# Does anyone have a SW biocube?



## effox (Apr 21, 2010)

What power heads do you use and how many?
How is it currently set up? Do you put LR in the back instead of those bioballs? I saw some people putting lights in to grow cheato instead... What is better, LR or solely Cheato algae?



Let me know what kind of setup you have, I'll be doing my own very shortly, and it will be obviously my first setup.

Thanks in advance!


----------



## SeaHorse_Fanatic (Apr 22, 2010)

First post the size of your Biocube.


----------



## Rastapus (Apr 21, 2010)

effox said:


> What power heads do you use and how many?
> How is it currently set up? Do you put LR in the back instead of those bioballs? I saw some people putting lights in to grow cheato instead... What is better, LR or solely Cheato algae?
> 
> Let me know what kind of setup you have, I'll be doing my own very shortly, and it will be obviously my first setup.
> ...


I use 1 Nano and 1 Korallia 1 in a 14 gallon. I replaced the bio balls with Cheato. No mods, works great.


----------



## effox (Apr 21, 2010)

I've got a 29 gallon.

Do you put underwater lights in there Rastapus?


----------



## scherzo (Apr 24, 2010)

29 Gallon BC

20 gallon sump
Tunze 9002 skimmer
Mag 3 return
DIY PVC overflow
NO-BIO-BALLS (all LR rubble)

Removed false floor in chamber 1
Cut plastic between chamber 1 and chamber 2 to increase flow
Chaeto in sump
150W DE Halide
2X Korallia Nanos - Now that everything has really filled out I was going to get an MP10.. but I'm going to save up to get an MP40 for my 90 instead.
I'm transferring the stuff out into a new setup soon. If I set this up again I will drill chamber 2 for a sump.

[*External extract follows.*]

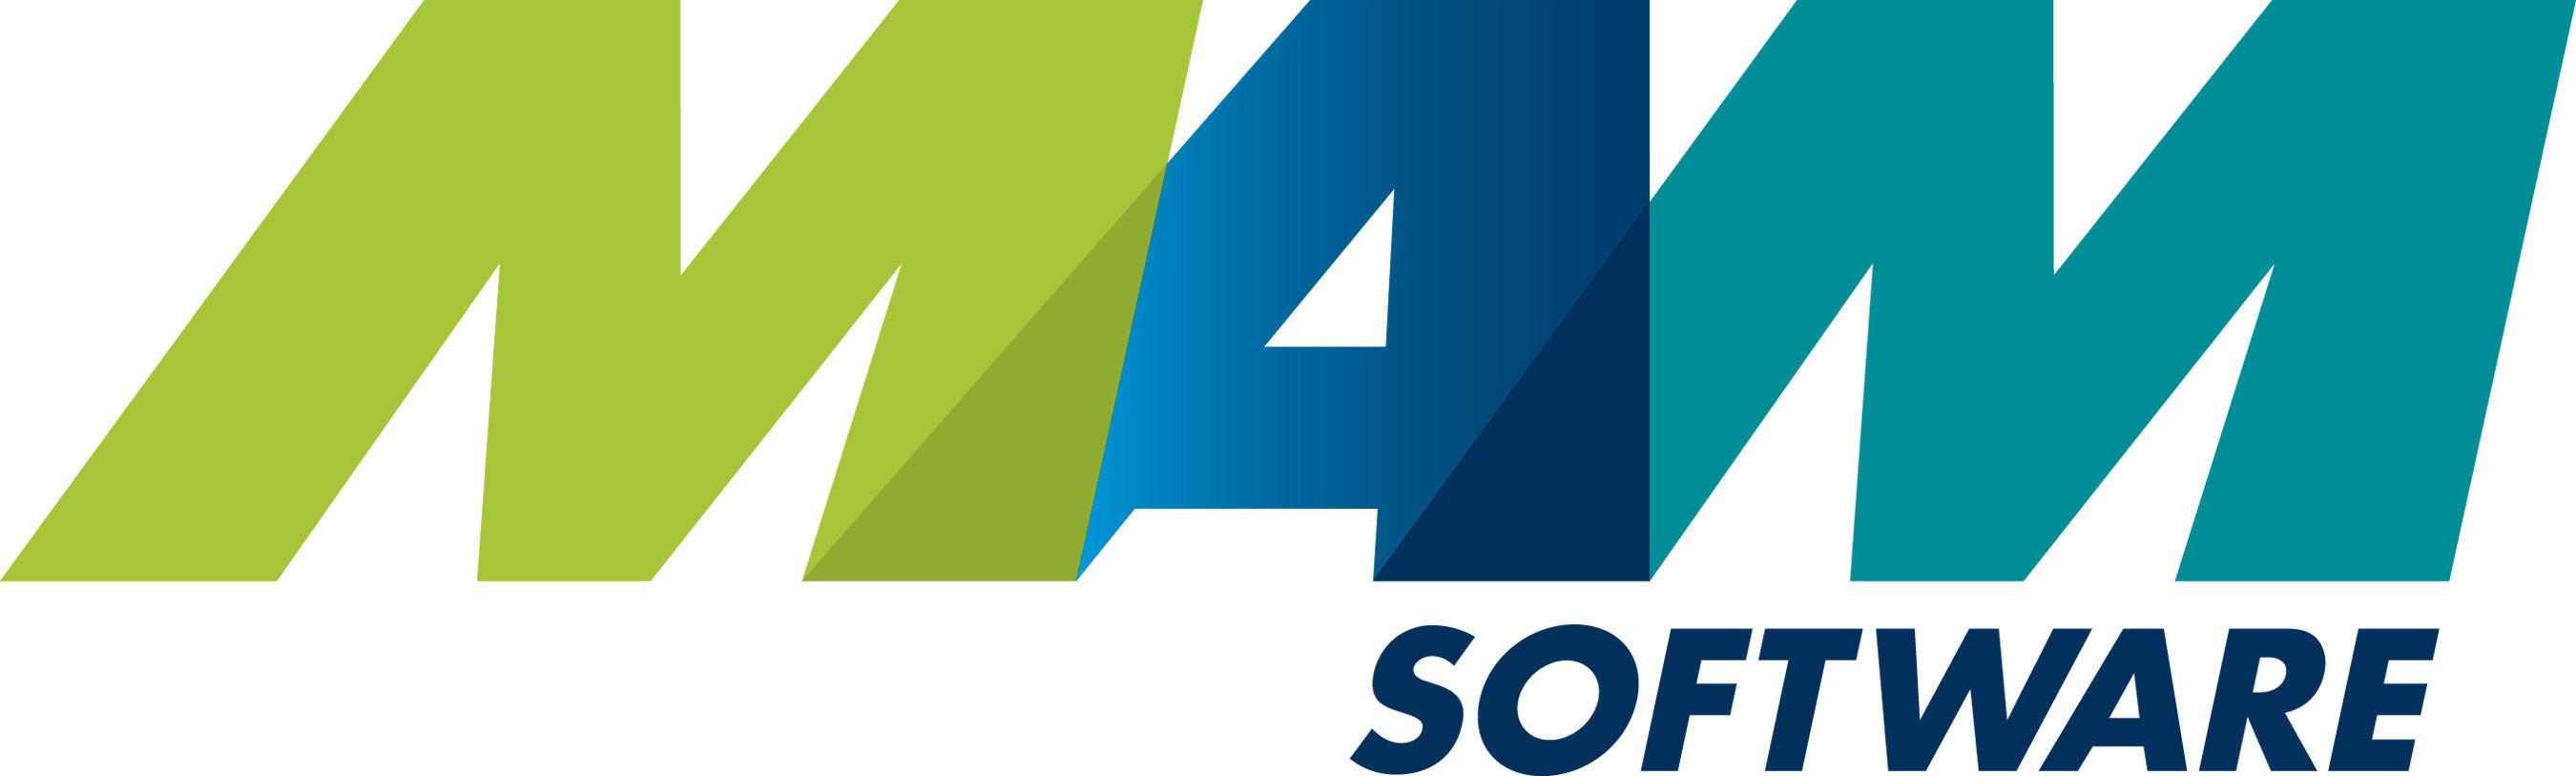 MAM Software Group, Inc. logo.

This is an OLD video (1 year ago)






Here are some newer photos:

Flickr: Jeff.Canadian's Photostream



effox said:


> What power heads do you use and how many?
> How is it currently set up? Do you put LR in the back instead of those bioballs? I saw some people putting lights in to grow cheato instead... What is better, LR or solely Cheato algae?
> 
> Let me know what kind of setup you have, I'll be doing my own very shortly, and it will be obviously my first setup.
> ...


----------



## Rastapus (Apr 21, 2010)

effox said:


> I've got a 29 gallon.
> 
> Do you put underwater lights in there Rastapus?


How do you mean?


----------



## Ron99 (Apr 22, 2010)

Scrape off the black paint on the back behind the middle chamber and mount some lights to the back glass. I used an array of 5mm LEDs in a black plastic box and used velcro to attach it to the back of the biocube. The cheato grew really well that way. Some people mount a light in the hood above the middle chamber but I think having the light on the back works better. Check out nano-reef.com for lots of biocube mods and info.


----------



## effox (Apr 21, 2010)

Rastapus said:


> How do you mean?


I meant in the 2nd chamber for the chaeto to grow.


----------



## Ron99 (Apr 22, 2010)

I would caution against underwater lights unless you want to clean the frequently. I tried some underwater LEDs and they got coated with coraline algae and other algae which blocks the light. The same thing happened to the glass at the back with the lights mounted on the outside back but a straight piece of glass is easier to clean then pulling the lights out and cleaning them.


----------



## whatigot (Apr 30, 2010)

I have a few biocubes and aquapods...
all 12 to 14 gallons...

The best set up that I have had is on an AP12 open top 70w HQI.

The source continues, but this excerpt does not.